Exercise aim :: When you transcribe the listing that follows, keep every line exact and omit the pictures.

Information shown ::

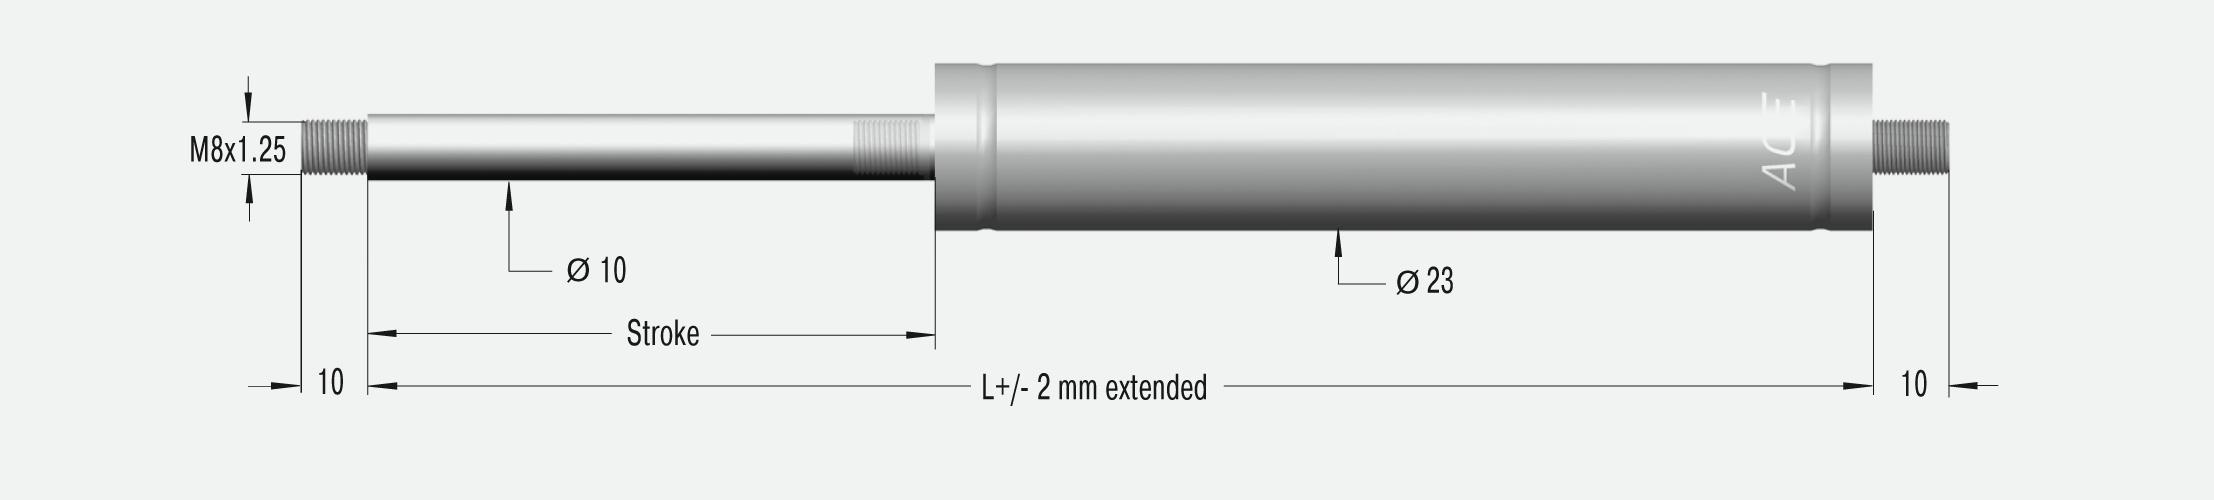 GS-22-650-VA
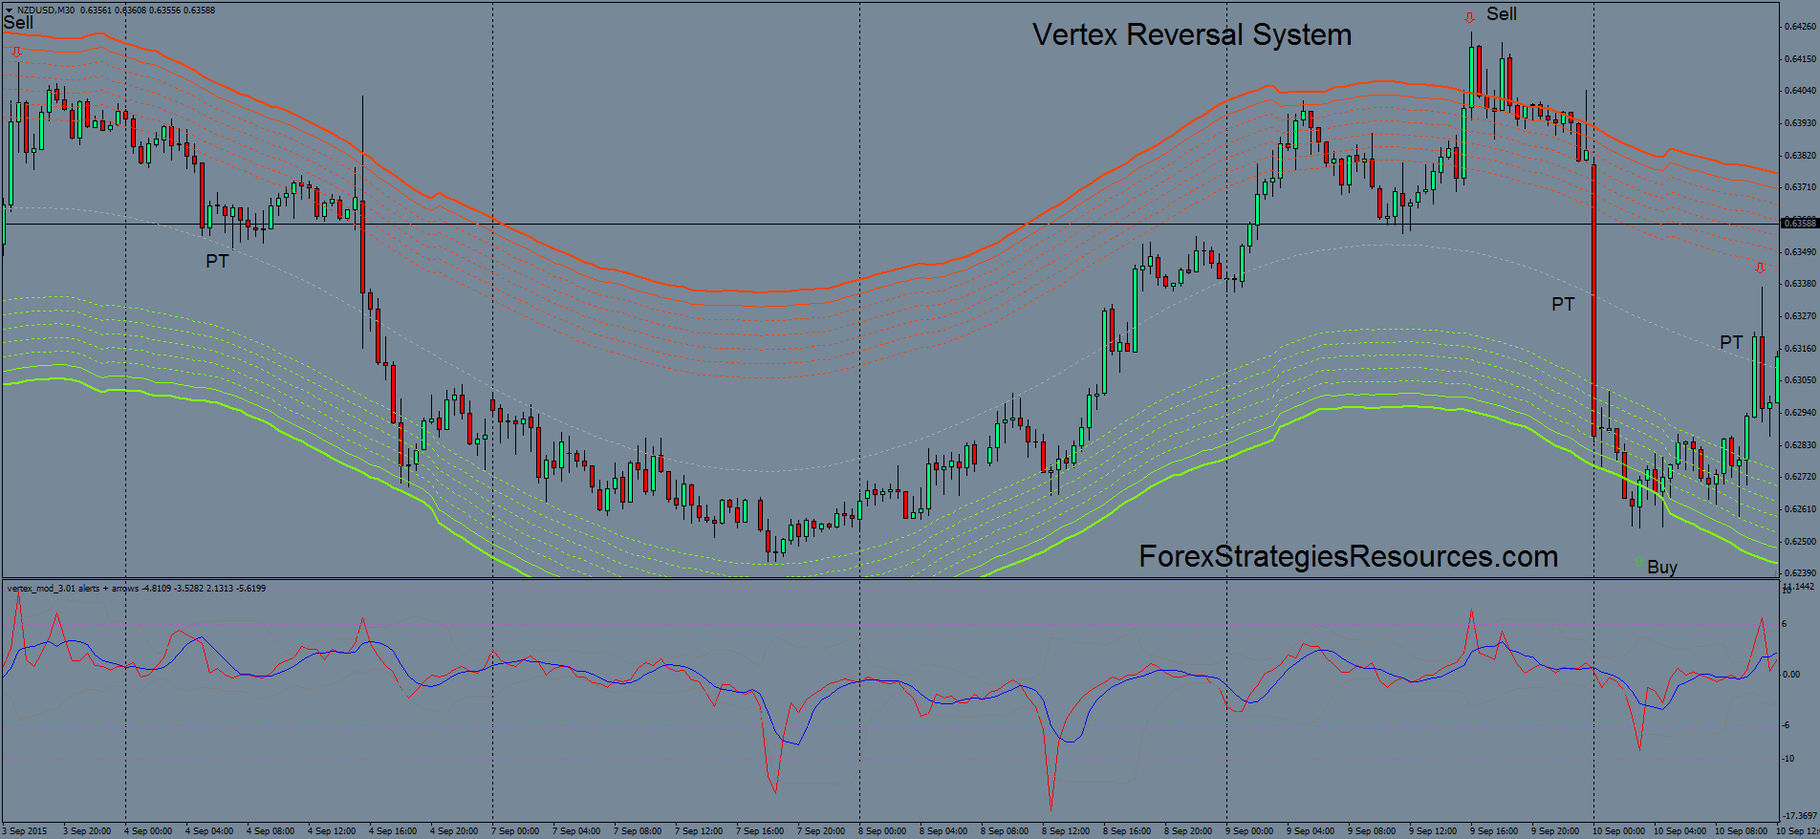 Vertex Reversal System - Forex Strategies - Forex Resources
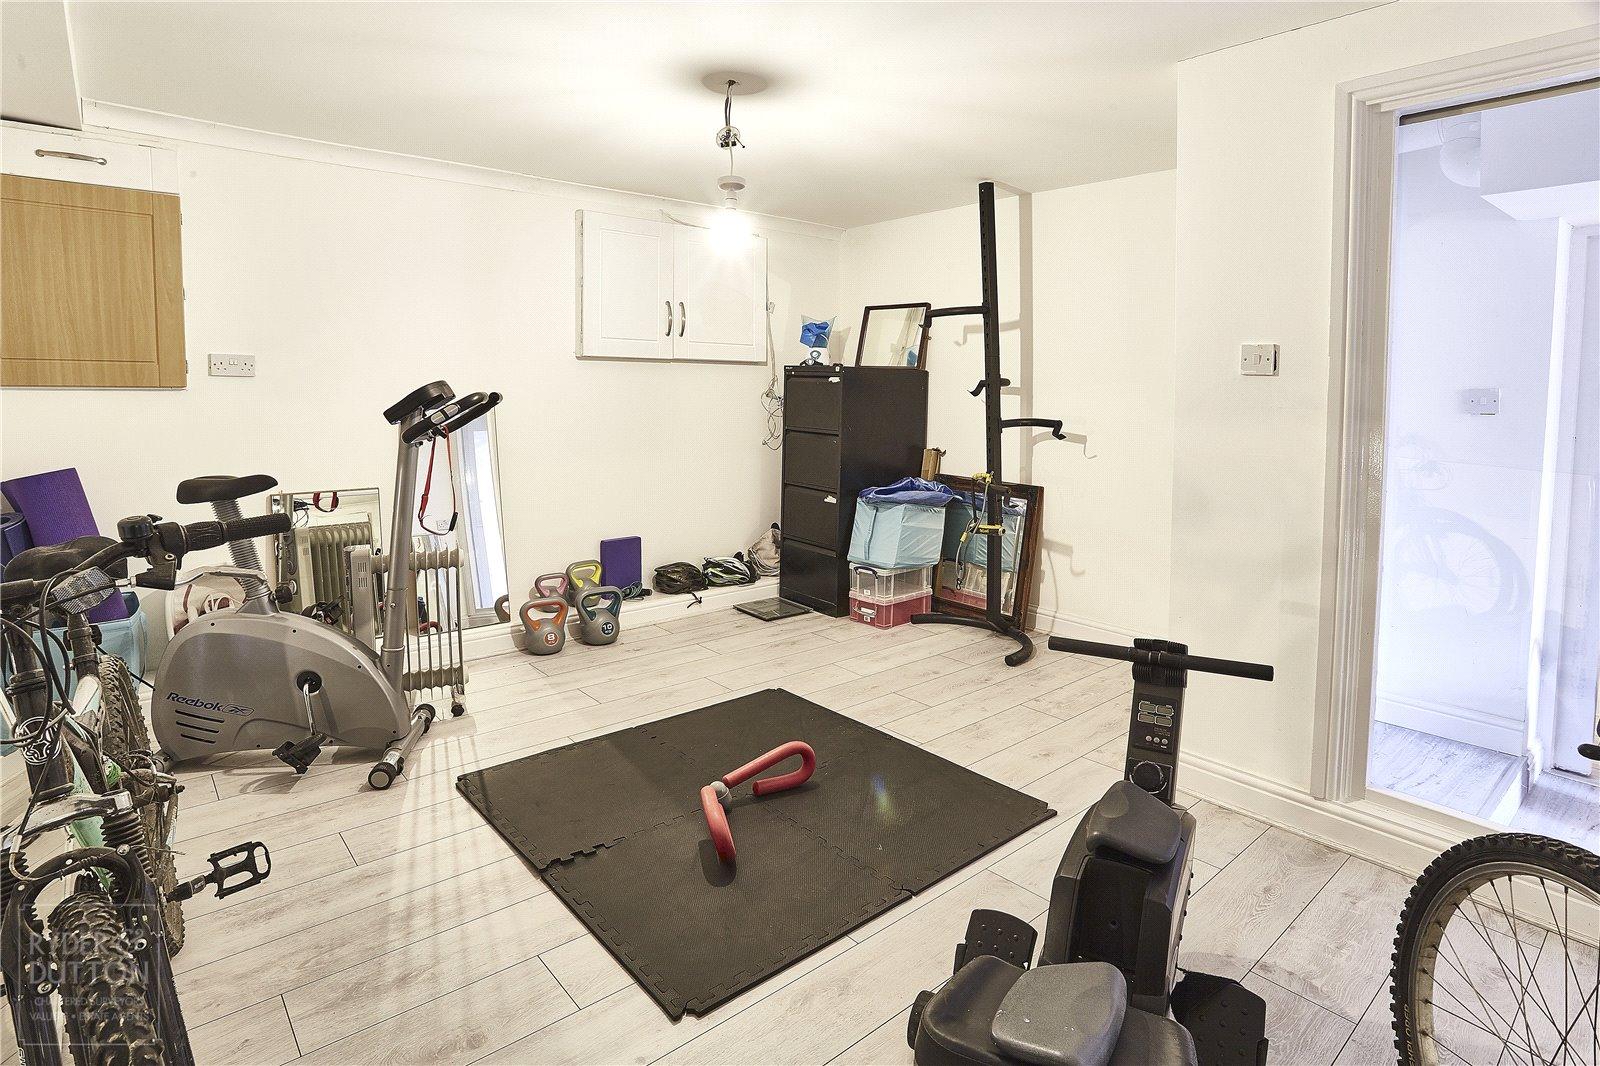 Home Gym:

Result below ::
 GS-22-650-VA
 Vertex Reversal System - Forex Strategies - Forex Resources
 Home Gym:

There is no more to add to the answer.